A cheerful solo by Tamara Noel, clad in pink, was the next dance. The excerpt from Bert Rose's 1993 work, Interconnection, was created to an Africanised version of The Lord's Prayer.
Another Rose piece, Steal Away (1997), followed the appearance of the Singers, led by tenor Carl Bliss, for the Whylie composition mentioned earlier. Dressed in black, with a red head tie, Kerry-Ann Henry was particularly good in the generally slow-moving, solemn work, and she and the other four dancers deserved the extra-loud applause they received at the end.
Both Singers and Dancers were on stage for Peace Be Still, Marlon Simms' moving tribute to the late theatre personality, Maud Fuller. (Incidentally, the Morning of Movement and Music as a whole was dedicated to the late Monica McGowan and Eduardo Rivero-Walker, who both contributed much to the NDTC.)
Henry again shone in her next dance, A Prayer, a solo in which the choreographer, Arsenio Andrade-Calderon, restricted her to a fairly small, horse-shoe shaped area up stage. The area was delineated by a length of cloth, which, after the angst-filled dance beseeching God for a sign ended, she picked up and carried off the stage.

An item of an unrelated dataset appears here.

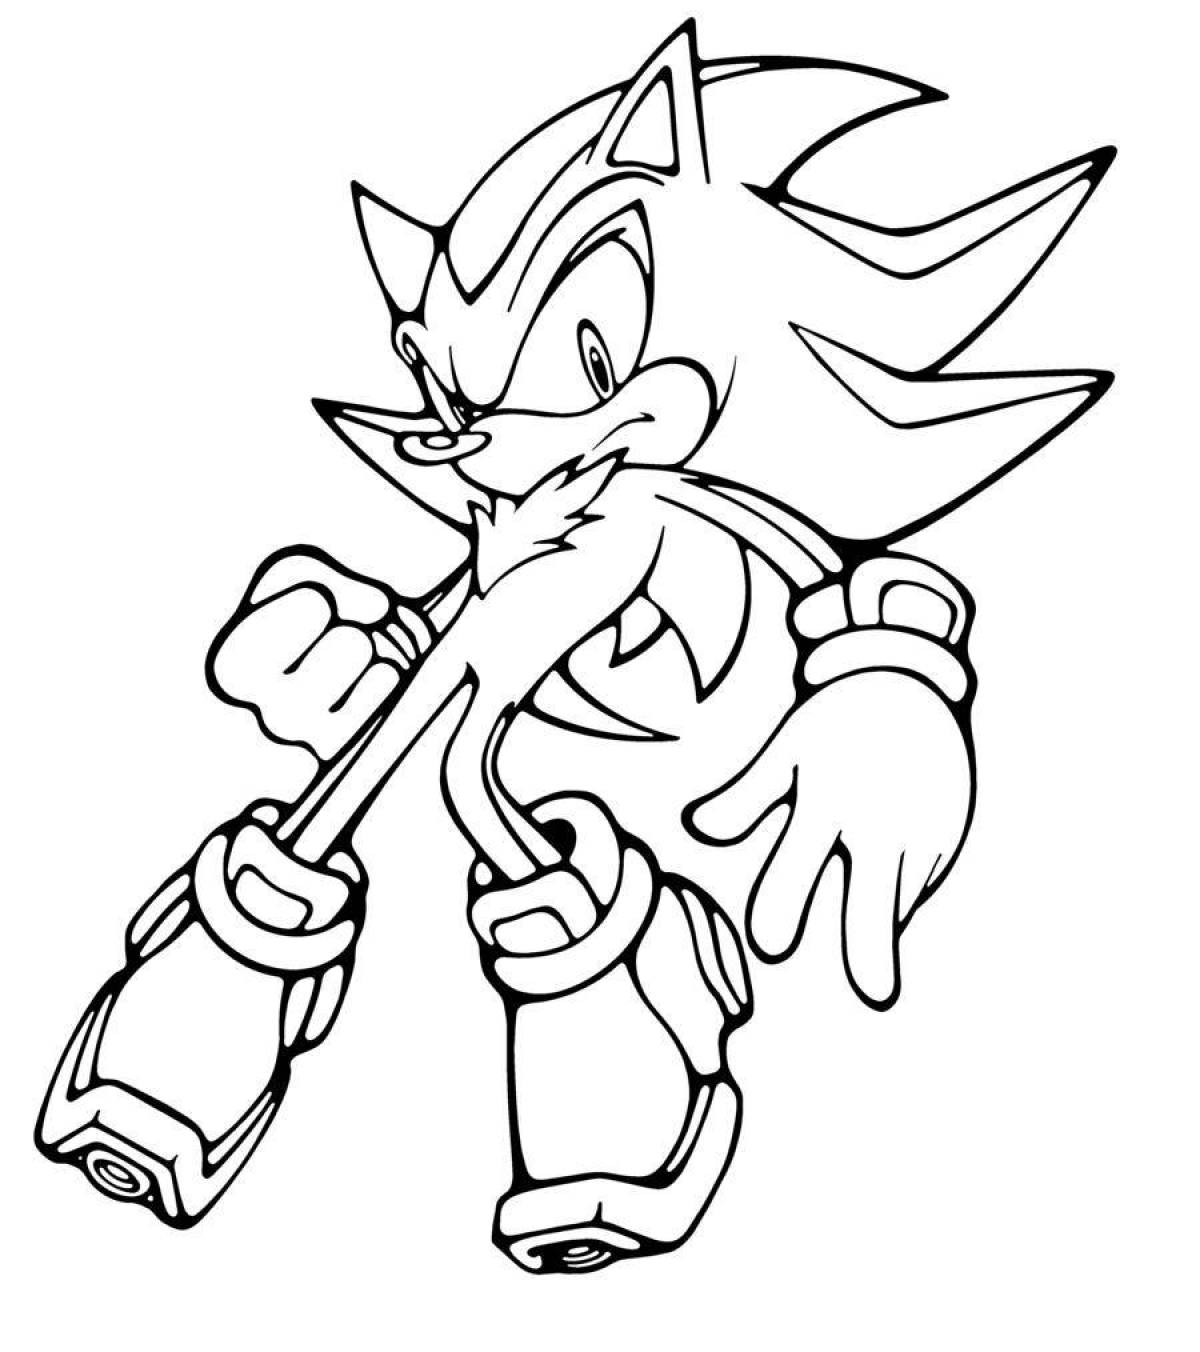 Attraction infinite sonic coloring page

The new musical director's interestingly arranged item for the Singers, Were you There?, which features four soloists singing different verses of the spiritual, was followed by Clive Thompson's Of Prophecy and Song. This layered work alternates between joy and sadness and was beautifully executed by Tamara Noel, Terry-Ann Dennison and Paul Newman.
The second new dance performed was Enchanted, Earle's brief, cheery work to The Love of My Son, a Father HoLung & Friends composition. Moore's 2012 work, The Beloved, the next dance, was equally brief and, appropriately for the name, featured a couple (Terry-Ann Dennison and Mark Phinn) dancing with a lot of touching.
An excerpt from Nettleford's Tintinabulum (1997), which features much ensemble dancing by performers in black moving like a vast ocean in mourning - though there are three angels in white - was the penultimate dance. And excerpts from that choreographer's Revival, with a fresh staging by Moore, was the bouncy, colourful offering that closed the show on a cheerful note.
The Little Theatre was almost full, but as it holds only about 630 people, many missed the Morning. Happily, there will be a repeat at Scot's Kirk United Church on April 14.